Intel® Optimization for Horovod* is the distributed training framework for TensorFlow* and PyTorch*. The goal is to make distributed Deep Learning workload run faster and easier to use on Intel GPU devices. It's developed based on latest release version v0.26.1 of public Horovod.
- Intel® Data Center GPU Max Series, Driver Version: 602
- Note: The patched PyTorch 1.13.0a0 is required to work with Intel® Extension for PyTorch* on Intel® graphics card for now.

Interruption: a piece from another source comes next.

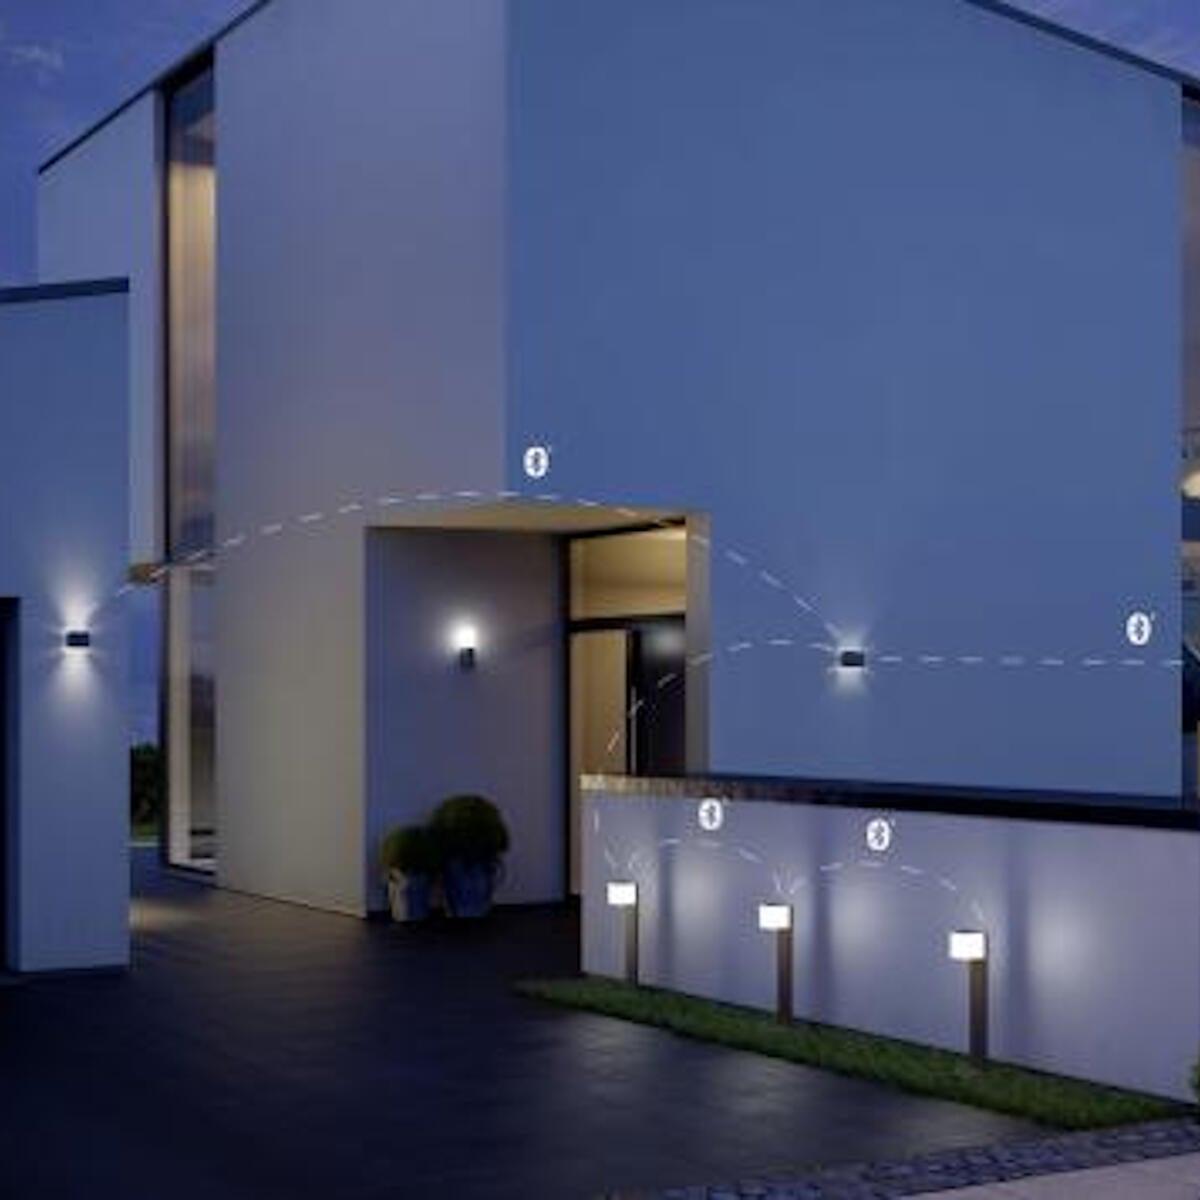 Applique L 835 LED integrato con sensore di movimento, antracite, 9.5W 586LM IP44 STEINEL - 3

Software | Installation requirement |
---|---|
Intel® oneAPI Base Toolkit | Install Intel® oneAPI Base Toolkit |
TensorFlow | Install tensorflow 2.12.0 |
Intel® Extension for TensorFlow* | Install Intel® Extension for TensorFlow* |
Pytorch | Install Pytorch 1.13.0a0 |
Intel® Extension for Pytorch* | Install Intel® Extension for Pytorch* |
System | Ubuntu 22.04, RedHat 8.6 (64-bit), SUSE Linux Enterprise Server(SLES) 15 SP3/SP4 |
Python | 3.8-3.10 |
Pip | 19.0 or later (requires manylinux2014 support) |
OS | Intel GPU | Install Intel GPU Driver |
---|---|---|
Ubuntu 22.04, RedHat 8.6, SLES 15 SP3/SP4 | Intel® Data Center GPU Max Series | Refer to the Installation Guides for latest driver installation. If install the verified Intel® Data Center GPU Max Series/Intel® Data Center GPU Flex Series 602, please append the specific version after components. |
Intel® Optimization for Horovod* can be installed through the following channels:
PyPI | Source |
---|---|
Install from pip | Build from source |
Installing Intel® Optimization for Horovod* with different frameworks is feasible. You could choose either Intel® Extension for TensorFlow* or Intel® Extension for Pytorch* as dependency.
-
Installing Intel® Extension for TensorFlow* and Intel® Optimization for Horovod* with command:
pip install tensorflow==2.12.0 pip install --upgrade intel-extension-for-tensorflow[gpu] pip install intel-optimization-for-horovod
-
Installing Intel® Extension for Pytorch* and Intel® Optimization for Horovod* with command:
python -m pip install torch==1.13.0a0 -f https://developer.intel.com/ipex-whl-stable-xpu python -m pip install intel_extension_for_pytorch==1.13.120+xpu -f https://developer.intel.com/ipex-whl-stable-xpu pip install intel-optimization-for-horovod
The example commands below show how to run distributed training.
-
To run on a machine with 2 Intel GPUs, which have 4 titles totally.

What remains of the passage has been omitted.